Tim Berners-Lee gives some practical limitations in Principles of Design and in Modularity: "Modular design hinges on the simplicity and abstract nature of the interface definition between the modules. A design in which the insides of each module need to know all about each other is not a modular design but an arbitrary partitioning of the bits… It is not only necessary to make sure your own system is designed to be made of modular parts. It is also necessary to realize that your own system, no matter how big and wonderful it seems now, should always be designed to be a part of another larger system." Les Hatton in The role of empiricism in improving the reliability of future software even did an interesting derivation tying the defect density in software to how it is broken into pieces. The 1972 paper On the Criteria to be Used in Decomposing System into Modules cites a 1970 textbook on why modularity is important in systems programming, but also notes that nothing is said on how to divide a systems into modules.

"Abstraction" doesn't have quite the same consensus. In software, it's generally understood that decoupled or loosely-coupled is better than tightly-coupled, but at the same time, "abstraction" can have the connotation of something that gets in the way, adds overhead, and confuses things. Dijkstra, in one of few instances of not being snarky, allegedly said, "Being abstract is something profoundly different from being vague. The purpose of abstraction is not to be vague, but to create a new semantic level in which one can be absolutely precise." Joel Spolsky, in one of few instances of me actually caring what he said, also has a blog post from 2002 on the Law of Leaky Abstractions ("All non-trivial abstractions, to some degree, are leaky.") The principle of least privilege is likewise a thing. So, abstraction too has its practical and theoretical limitations.

I bring these up together because: abstractions are the boundaries between modules, and the communication channels (APIs, languages, interfaces, protocols) through which they talk. It need not necessarily be a standardized interface or a well-documented boundary, though that helps.

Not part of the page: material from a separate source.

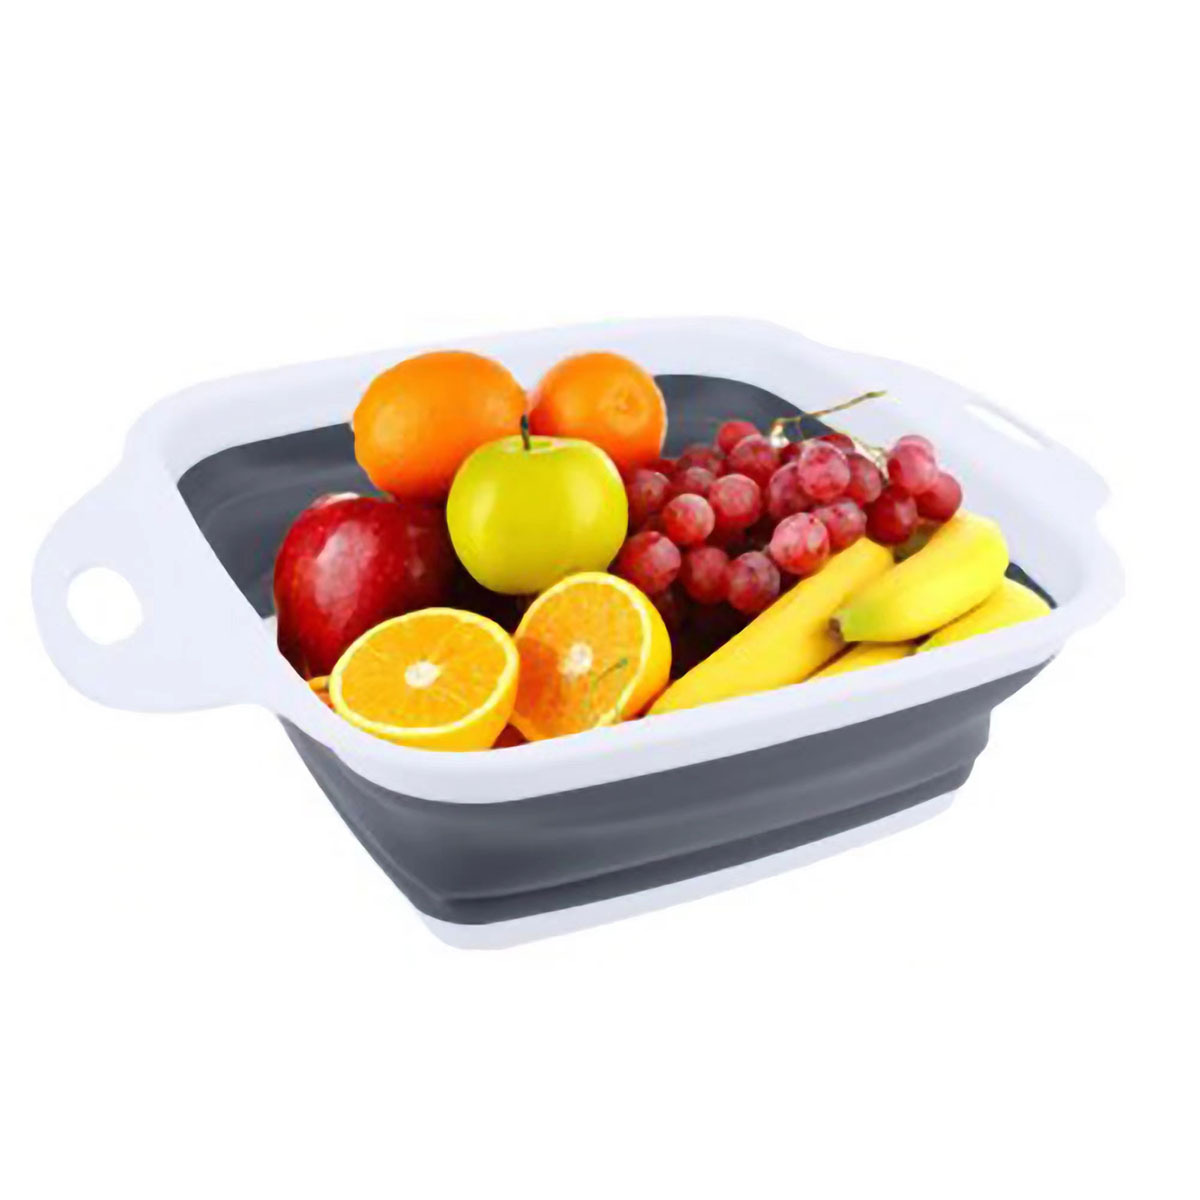 

Square Drain Basket, Kitchen Gadgets, Sink Drain Filter, Storage Bag Fruit & Vegetable Basket, Foldable Filter, Collapsible Colander Spoon, Silicone Kitchen Household Essentials

Available abstractions vary. They vary by, for instance:

• …what language you choose. Consider, for instance, that a language like Haskell contains various abstractions done largely within the type system that cannot be expressed in many other languages. Languages like Python, Ruby, or JavaScript might have various abstractions meaningful only in the context of dynamic typing. Some languages more readily permit the creation of new abstractions, and this might lead to a broader range of abstractions implemented in libraries.

• …the operating system and its standard library. What is a process? What is a thread? What is a dynamic library? What is a filesystem? What is a file? What is a block device? What is a socket? What is a virtual machine? What is a bus? What is a commandline?

• …all other kinds of libraries a language might use, and entire frameworks that cross language boundaries. Consider something like Apache Spark, which deals in abstractions that may be accessed from various languages.

• …the time period. How many of the abstractions named above were around or viable in 1970, 1980, 1990, 2000? In the opposite direction, when did you last use that lovely standardized protocol, CGI, to let your web application and your web server communicate, use PHIGS to render graphics, or access a large multiuser system via hard-wired terminals?

As such: Possible ways to modularize things vary. It may make no sense that certain ways of modularization even can or should exist until it's been done other ways dozens or hundreds or maybe thousands of times.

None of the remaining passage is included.